A continuidade do movimento de rotação global para mercados emergentes alimentou mais um dia de fluxo expressivo para as ações locais nesta segunda-feira. Com o suporte do capital estrangeiro, o Ibovespa quebrou nova marca de fechamento nominal, ao encerrar em alta de 1,80%, aos 186.241 pontos, bem perto da máxima intradiária, de 186.460 pontos. Já na mínima do dia, o índice tocou os 182.950 pontos.
Blue chips de bancos e de commodities voltaram a ser destaque na sessão, especialmente as units do Santander e as preferenciais do Itaú, que ganharam 5,98% e 3,34%, nessa ordem. A exceção ficou para as units do BTG Pactual, que tiveram leve perda de 0,12% após a divulgação do balanço do banco.
Segundo analistas consultados pelo Valor, o resultado da instituição financeira ficou em linha com as expectativas, mas não trouxe uma “grande surpresa positiva”, o que frustrou parte dos agentes financeiros.
“O mercado parece ter se acostumado com trimestres acima do consenso para os resultados do BTG Pactual”, definiu um analista, que não quis ser identificado.
Em nota enviada a clientes, a equipe da Monte Bravo foi na mesma linha e destacou que os números divulgados pelo BTG Pactual foram “fortes”, mas em linha com o que o mercado e a casa esperavam. “Desta forma — e diante da performance relativa das ações nos últimos meses e das altas expectativas criadas —, esperamos uma reação ligeiramente negativa ao resultado”, disse.

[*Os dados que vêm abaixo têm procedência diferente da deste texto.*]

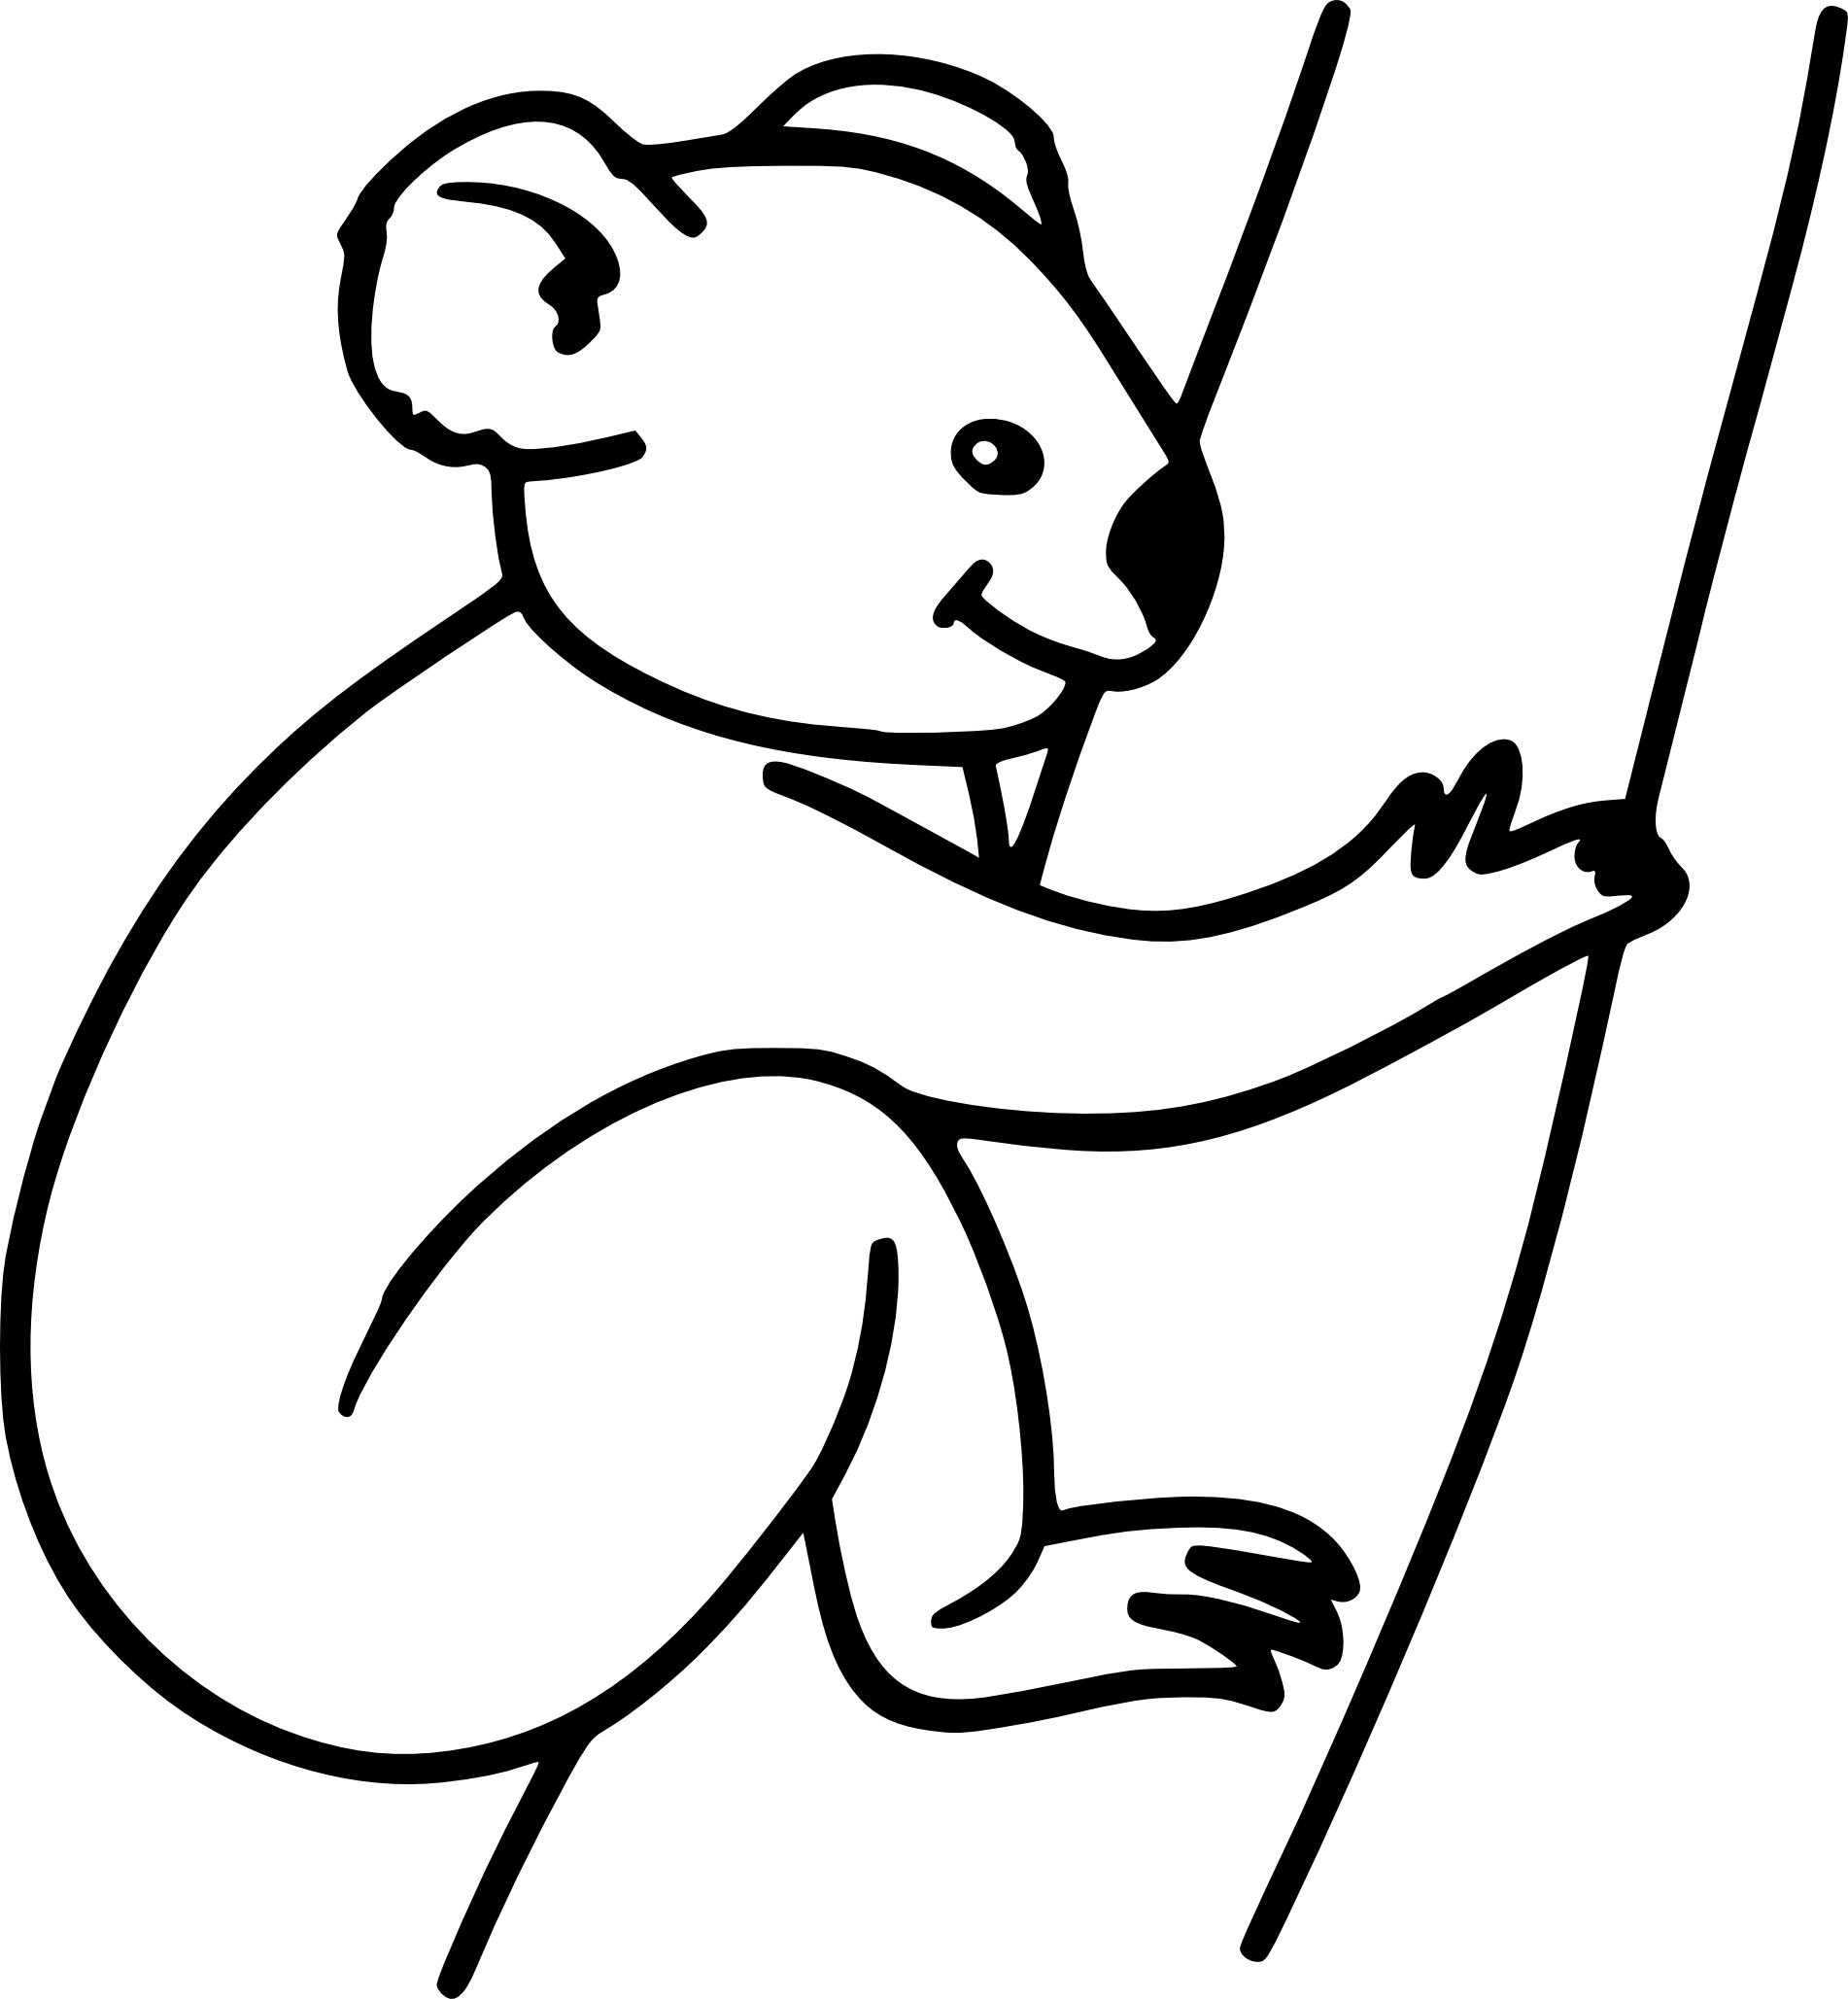 Coloriage Gratuit Koala.Coloriage Koala Sur Un Arbre A Imprimer Et Colorier

A casa possui recomendação neutra para as units do banco, com preço-alvo em R$ 58.
Por outro lado, com o apoio da forte valorização nos preços de petróleo e do fluxo estrangeiro, as ações da Petrobras encerraram em alta: as ON subiram 2,03% e as PN avançaram 1,83%, o que indica que houve compra de papel por parte de investidores não residentes. Da mesma forma, a Vale exibiu valorização de 1,96% nesta segunda-feira.
Após recordes em série do Ibovespa, o indicador de amplitude do mercado local está em tendência positiva, com 84% das ações do principal índice acionário acima de suas médias móveis de 200 dias, enquanto o índice Small Cap (com empresas de menor capitalização de mercado) está em 80%, explicou o estrategista-chefe do Itaú BBA, Daniel Gewehr, em relatório.
Ao olhar para setores específicos, a equipe do Itaú BBA afirma que ações ligadas a commodities apresentam o melhor “momentum”. Já o setor doméstico está entre os que mais ficaram para atrás, embora ainda permaneça no quadrante mais favorável, com siderurgia e mineração, óleo e gás e financeiro aparecendo como principais destaques. Do lado negativo, porém, estão setores como agronegócio, saúde, além de papel e celulose.
Ainda que o espaço para um “re-rating” adicional no Brasil seja mais limitado neste momento na comparação com as primeiras semanas do ano, o mercado brasileiro ainda continua a oferecer uma “combinação atraente de valuations, alta liquidez e peso significativo” no índice MSCI Emerging Markets, na avaliação do Santander. “Essas características podem posicionar o Brasil como um receptor natural de fluxos marginais em um cenário de realocação global”, destaca a chefe de pesquisa e estratégia de ações do banco, Aline Cardoso, em relatório.
Embora os estrangeiros já tenham aportado mais de R$ 29 bilhões em ações já listadas neste ano, Cardoso projeta que os fluxos para o Brasil poderiam chegar a US$ 45 bilhões. A estimativa considera um cenário em que o peso do Brasil no MSCI Emerging Markets retorne à média histórica de longo prazo de cerca de 10%, o que poderia gerar um fluxo entre US$ 15 bilhões, em um cenário conservador, e de US$ 45 bilhões, em um cenário mais otimista.
Na sessão de hoje, o volume financeiro negociado pelo Ibovespa foi de R$ 20,7 bilhões e de R$ 27,4 bilhões na B3.
Já em Wall Street, os principais índices fecharam o pregão no positivo: o Nasdaq subiu 0,90%; o S&P teve alta de 0,47%; e o Dow Jones fechou estável, com viés de alta de 0,05%.